Saturday, September 30, 2006

Certainty

Have you ever had a feeling about something so deeply it was a certainty? Maybe it was about a person, or a place, or a destination, or you knew that something was around the next corner. You couldn't put your finger on it yet, but all you could do was feel like the observer in your own life as events played out.

One of the times when I experienced this was when I went to Boise, Idaho for six months. I had been working at a trucking company, going to college, living with a couple guys in an apartment. They were both dating people (who would later be their wives), and I was just out there, dangling somewhere. Between work and school, I felt disconnected, alone. I knew something had to change. I didn't know how to get there.

Then came the night around Thanksgiving when all the college guys were pulled off the dock and called into the office. Tonight was our last night (they told us this AFTER a 12-hour shift), we wouldn't need to come in next weekend, and they'd let us know if they needed us?

A tall guy named Scott who had just bought a truck said, "So does that mean a month, a couple weeks?"
"No, Scott," I said, "they're letting us go." Scott looked at the supervisor; the supervisor looked at the floor.
"Is that what you mean?" Scott persisted.
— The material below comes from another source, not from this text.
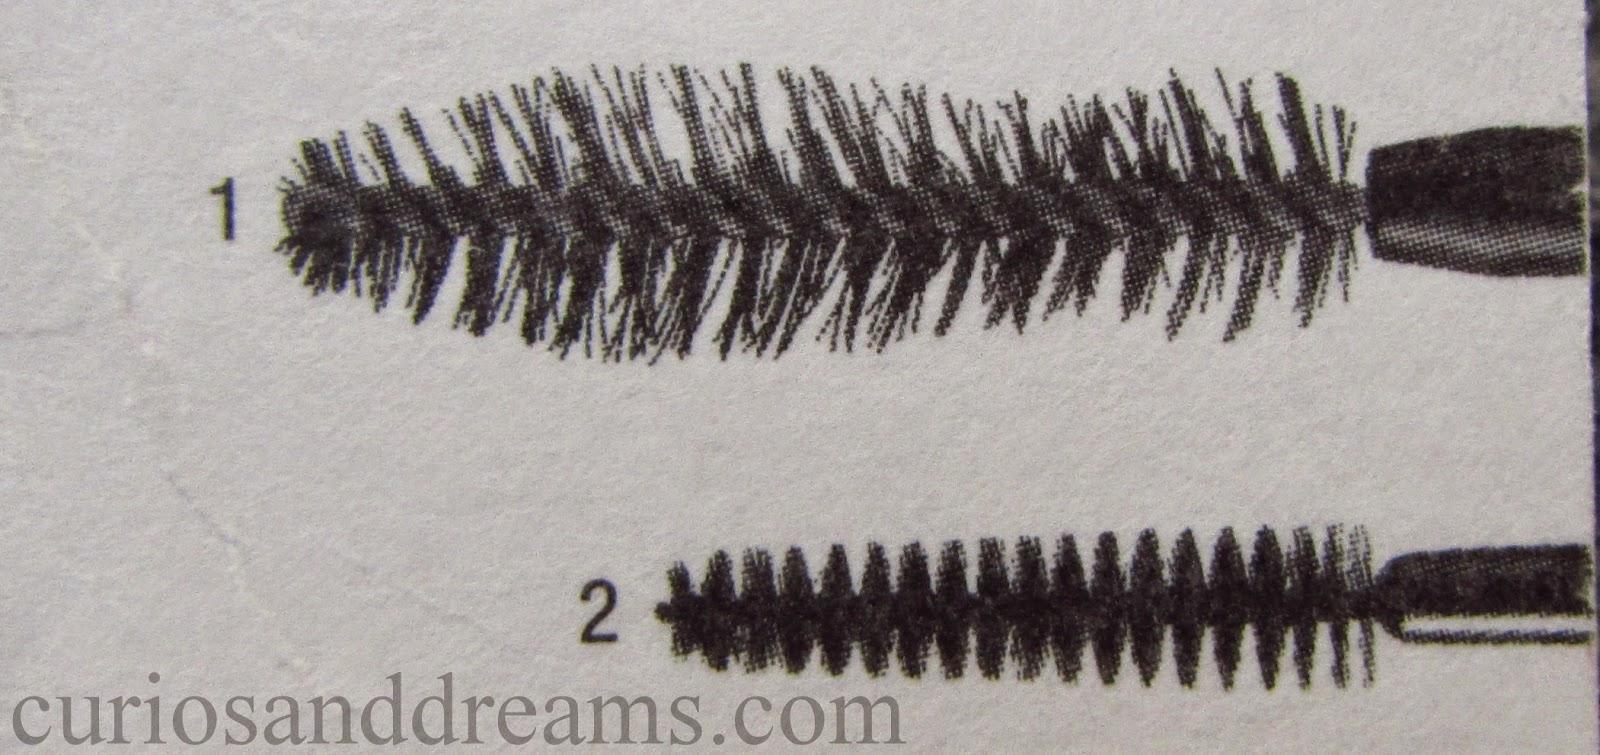 Maybelline The Falsies Big Eyes Mascara, Maybelline The Falsies Big Eyes Mascara review, The Falsies Big Eyes Mascara review

The supervisor nodded. Several of the guys were devastated. They had bought color TVs, made down payments on trucks or sports cars they could no longer afford. I went home and made a snow angel. I was free!

My friend Rod saw me when I came home. "What are you going to do?"
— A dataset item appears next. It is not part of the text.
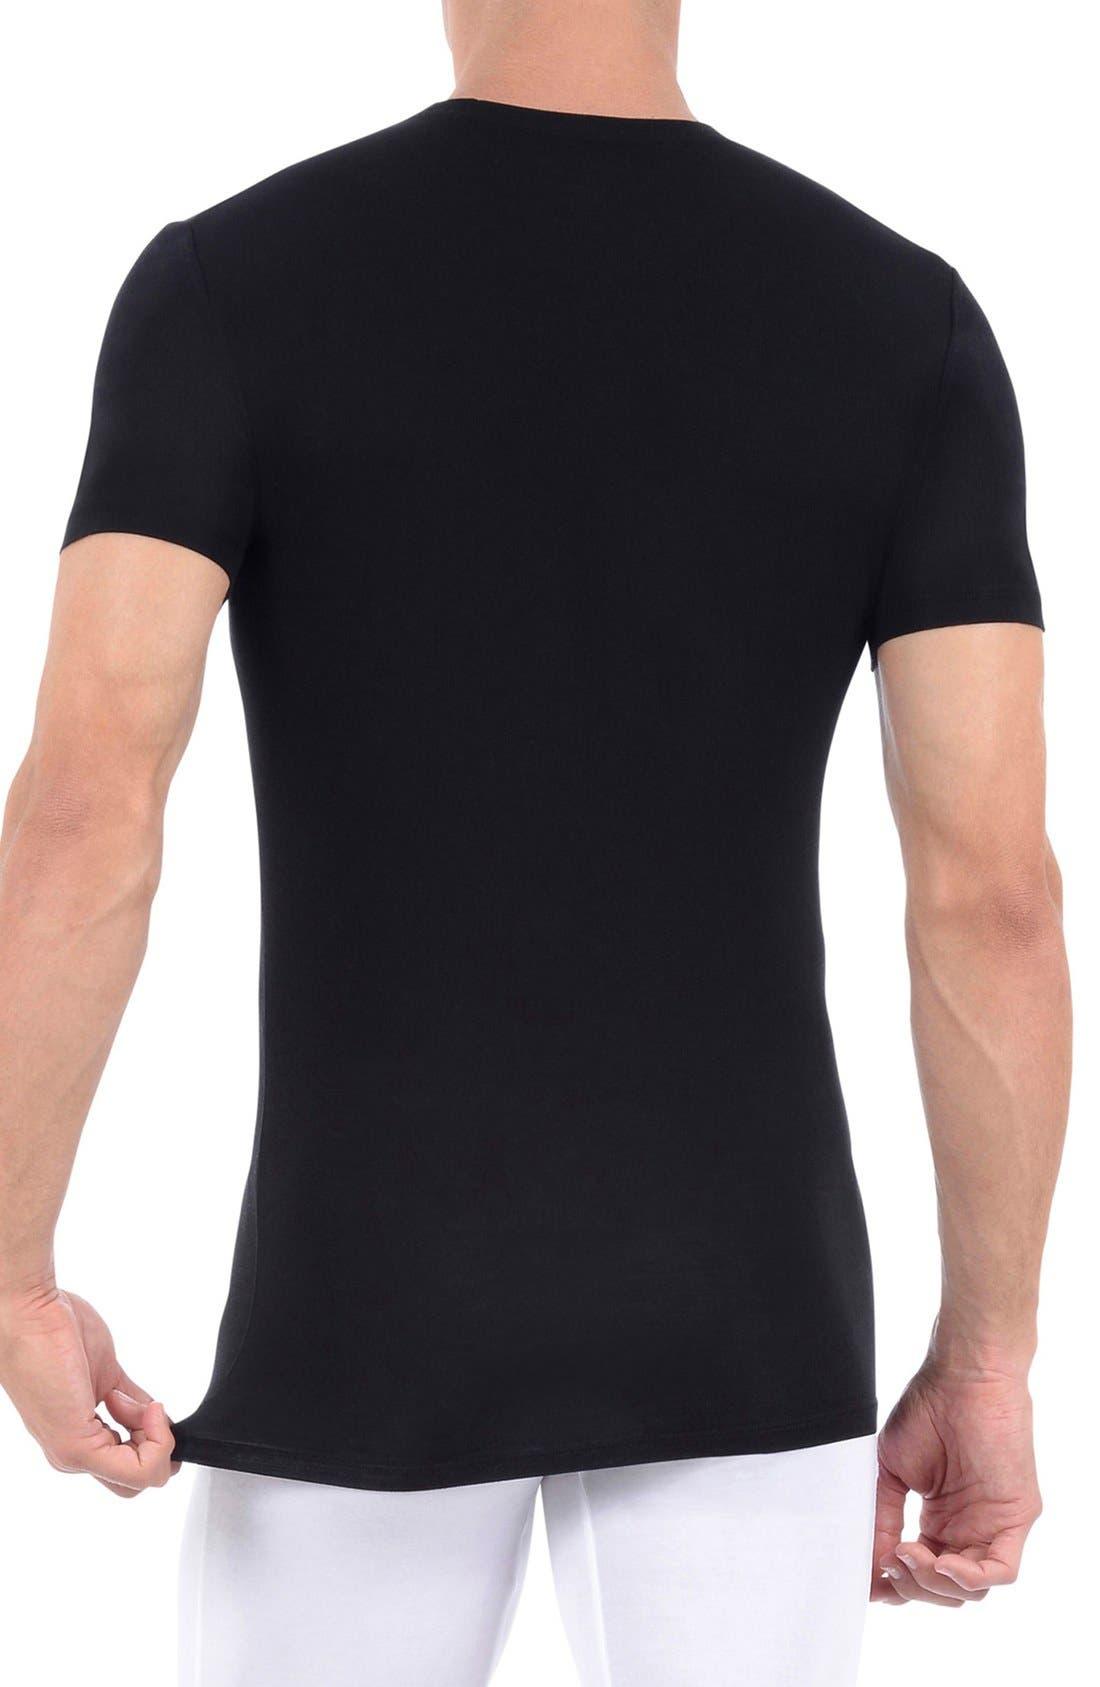 Alternate Image 2  - Tommy John 'Second Skin' Crewneck Undershirt

I hadn't thought about it until that moment, and an idea popped in my head that was more certain than anything I'd ever felt. "I'm going to Boise."
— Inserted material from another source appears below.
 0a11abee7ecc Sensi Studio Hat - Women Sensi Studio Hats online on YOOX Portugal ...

I had just been in Boise that August, and it was now December, for my cousin's wedding. My aunt said, "If you ever need someplace to come to, you're always welcome here." The thought had stayed in the back of my mind and rose again to the surface when I needed it. I made a phone call the night I was let go, and in 24 hours had made plans to go to Boise. The next six months changed my life and I found a lot of healing out there with extended family, the mountains of the Idaho desert, and getting caught in a snowstorm somewhere in Iowa.

I've felt that certainty with relationships, too. Usually it's been an invisible door closing, or maybe I've been knocking on the door for some time, not wanting to believe it was actually closed or locked, hoping against hope that maybe I could find a crack in the door, or if I knocked long enough, they'd let me in. During the knocking, the hoping and the wishing my knuckles become pretty bloody, there's a lot of frustration, and then finally, either worn out or realizing that the door really is locked, I step back and start to accept that this is a door I can't open. Sometimes it's a mixture of hopelessness, despair, and acceptance, but there's peace in it too. I've stopped knocking, I know there's a change coming.

It happened like that at the end of college with a girl I had been pretty into for about three years. Unfortunately it has taken me a lot longer to realize something that other learn pretty quickly, but there I was, knowing without having to talk about it that things were over. We went ahead and had that final conversation anyway, and the next week she was dating the guy she would later marry. In the meantime I began jogging 6-10 miles several times a week and working 70 hours.

Recently I've seen a friend knocking on doors of her own, with work, with school, with relationships. She's smart, talented, educated, and yet every door she knocked on was locked. She couldn't figure it out, and watching it from the outside felt like watching someone being corralled into a very small space where there is only one place left to go, the bottleneck, before opening up into wide open spaces. I saw her go through the bottleneck, which meant she moved several hours away, and now things she'd been wishing for, hoping for, and dreaming about our finally happening. I'm happy for her, and at the same time am left wondering if there are wide open spaces for me as well. There's a dream I keep carefully hidden, and most don't know how much I struggle with it because I've learned to hide it well, but the longing is still there, and for now so is the bottleneck. The last couple months I've lost some things that meant a lot to me, and am seeing doors close left and right. Something's about to change. That's the only certainty I have right now.